Alors que tout se présentait généralement bien avant l’hiver, le colza a connu une série de revers – comme jamais auparavant – qui ont mené à une récolte hyper précoce et très inférieure à ses potentialités.

Temps de lecture : 8 min

Après une moisson 2017 bouclée avant le 15 août, les semis de colza d’hiver ont pu être réalisés majoritairement durant la dernière décade de ce mois d’août, après ou avant quelques pluies favorables à une bonne préparation du sol et à une bonne levée de la culture qui a été régulière. La sécheresse qui avait déjà marqué cette année 2017 n’a pas pénalisé l’installation du colza d’hiver. Toutefois, des averses locales parfois importantes ont provoqué dans quelques parcelles, un ralentissement lié notamment à la phytotoxicité des herbicides et à des dégâts de limaces.
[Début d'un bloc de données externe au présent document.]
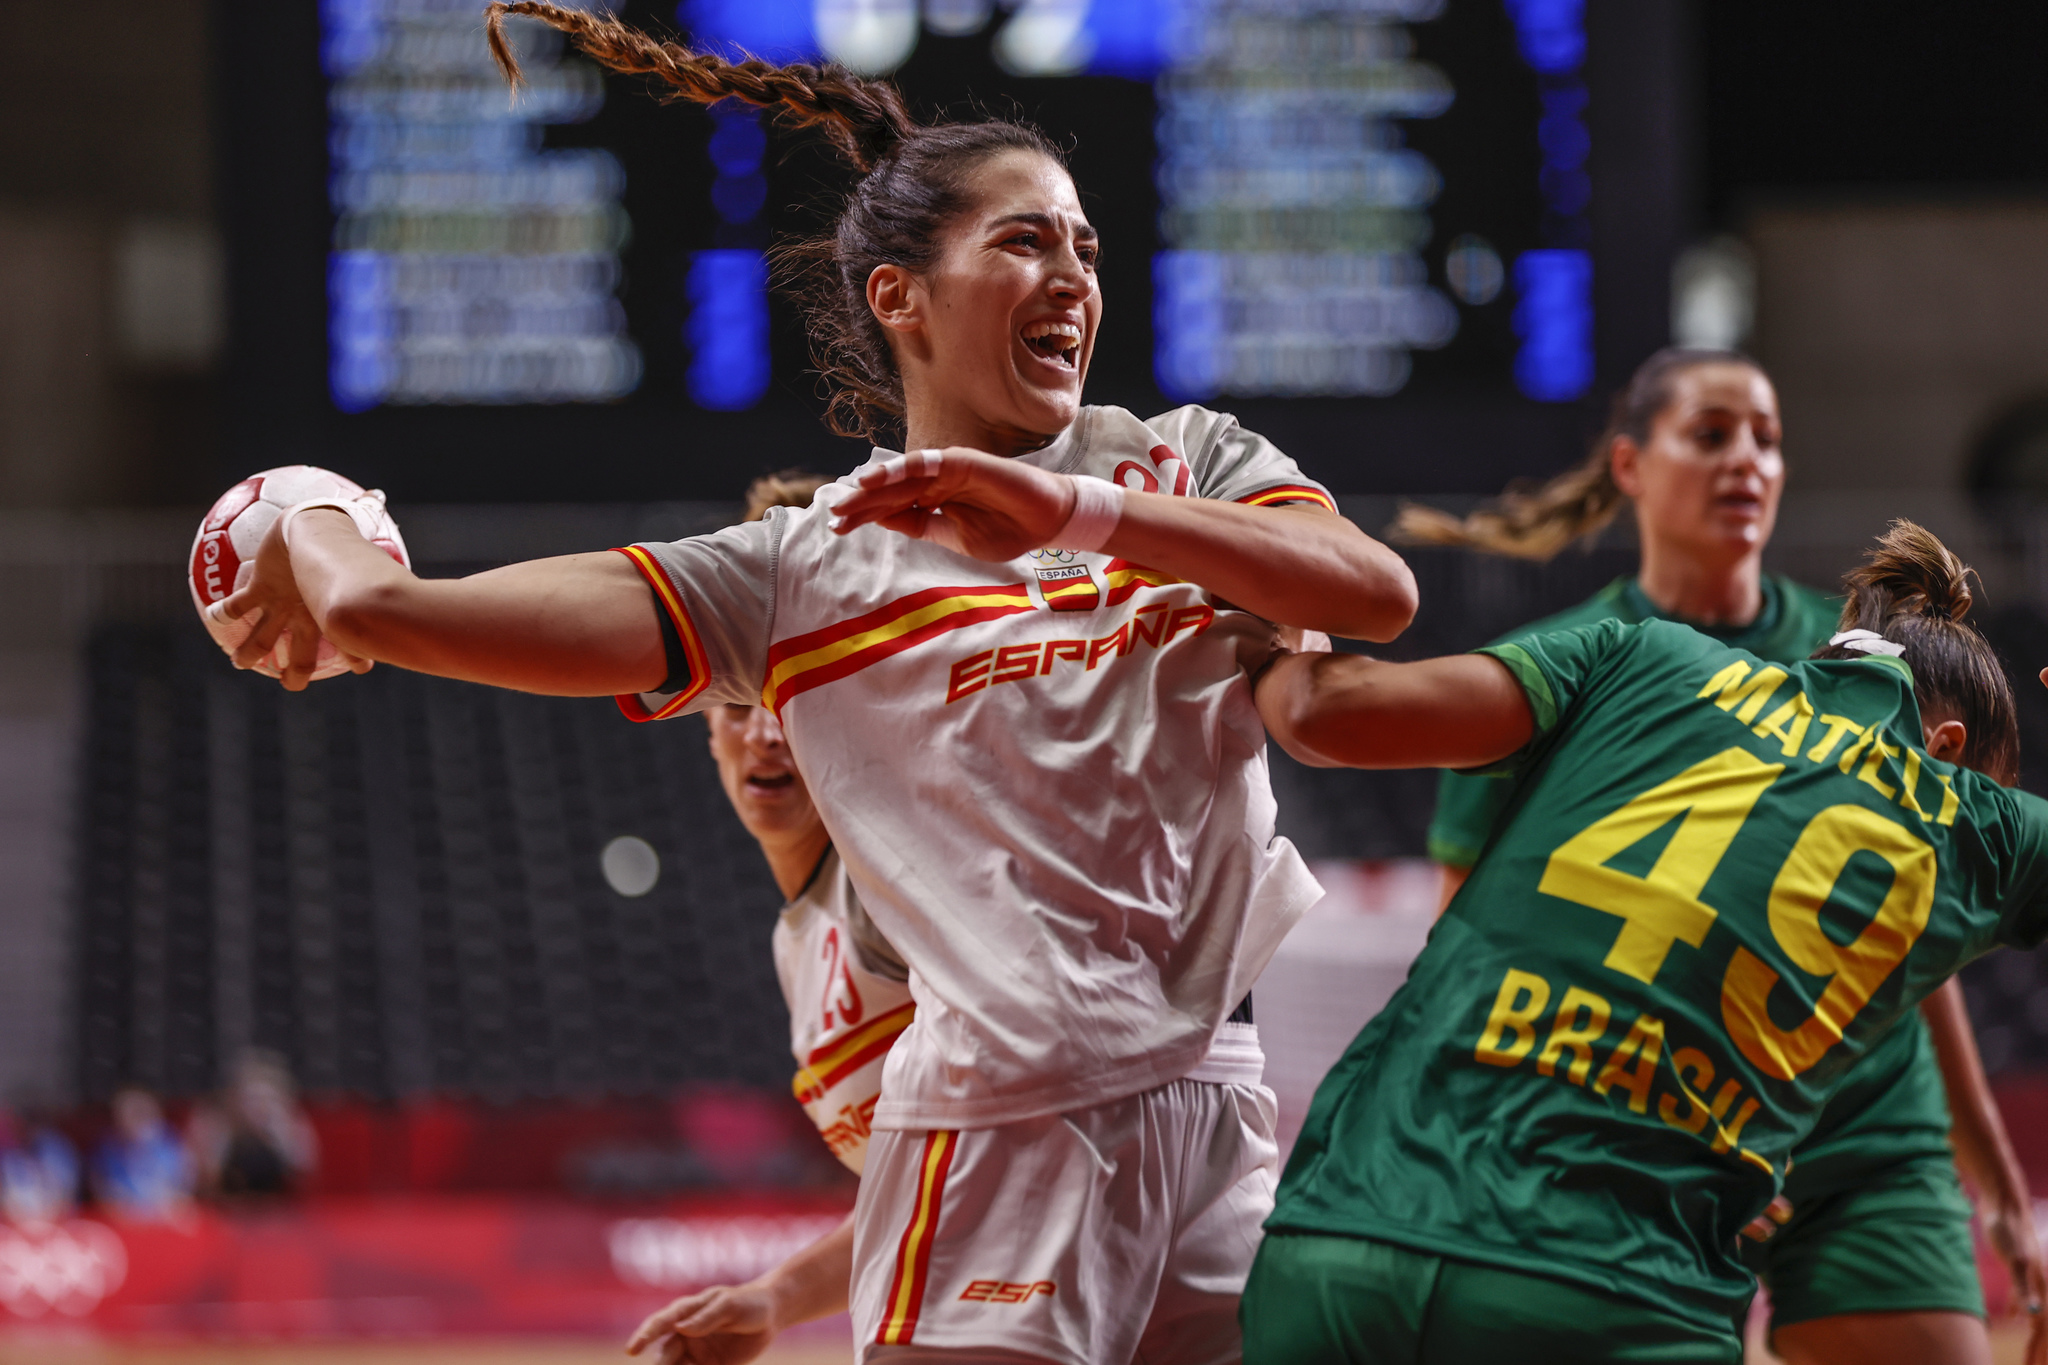 La española Lara González trata de lanzar ante Brasil /

Le début du mois de septembre ayant été relativement frais, l’arrivée des insectes d’automne, principalement les altises, a été repérée lors de l’été indien fin septembre et a été maîtrisée par l’utilisation d’insecticides en végétation, puisqu’aucune désinfection insecticide n’est appliquée sur les semences de colza.

Le redoux en octobre a été favorable au bon développement de la végétation assurant à la culture de colza un bon départ pour une bonne entrée en hiver avec une bonne résistance au froid.

De nombreuses précipitations sont survenues à partir de la fin novembre. Le mois de décembre très sombre et très pluvieux et le mois de janvier 2018 également très humide ont pénalisé certains champs avec un moins bon drainage, laissant apparaître des colzas au feuillage rougeâtre. Le retour de pluies en hiver après une année 2017 marquée par la sécheresse a cependant été bénéfique pour reconstituer des réserves en eau.

Hiver tardif

L’arrivée tardive du froid hivernal avec un vortex polaire fin février 2018 suivie par une seconde vague de froid inattendue à la mi-mars avec des températures très négatives et un vent glacial, a impacté le colza d’hiver en détruisant très rapidement le feuillage et en déchaussant les plantes fragilisées dans les sols gorgés en eau.

Dès les premières hausses des températures, début mars, la surprise a été grande de déjà capturer de nombreux insectes, les premiers méligèthes et charançons de la tige arrivant même avant les stades sensibles (montaison et apparition des boutons floraux avant floraison).

Poussée du mercure et avortement massif de boutons floraux

Après deux vagues de froid à la fin de l’hiver, les sols étaient toujours froids. Le 8 avril, les températures battent des records de douceur et le vol de nombreux méligèthes est observé en colza. Le redémarrage des plantes au printemps a été accéléré lors de la montée rapide des températures dans la semaine du 16 au 22 avril battant des records à cette période et surtout avec des écarts de température de plus de 20ºC entre la nuit et le jour.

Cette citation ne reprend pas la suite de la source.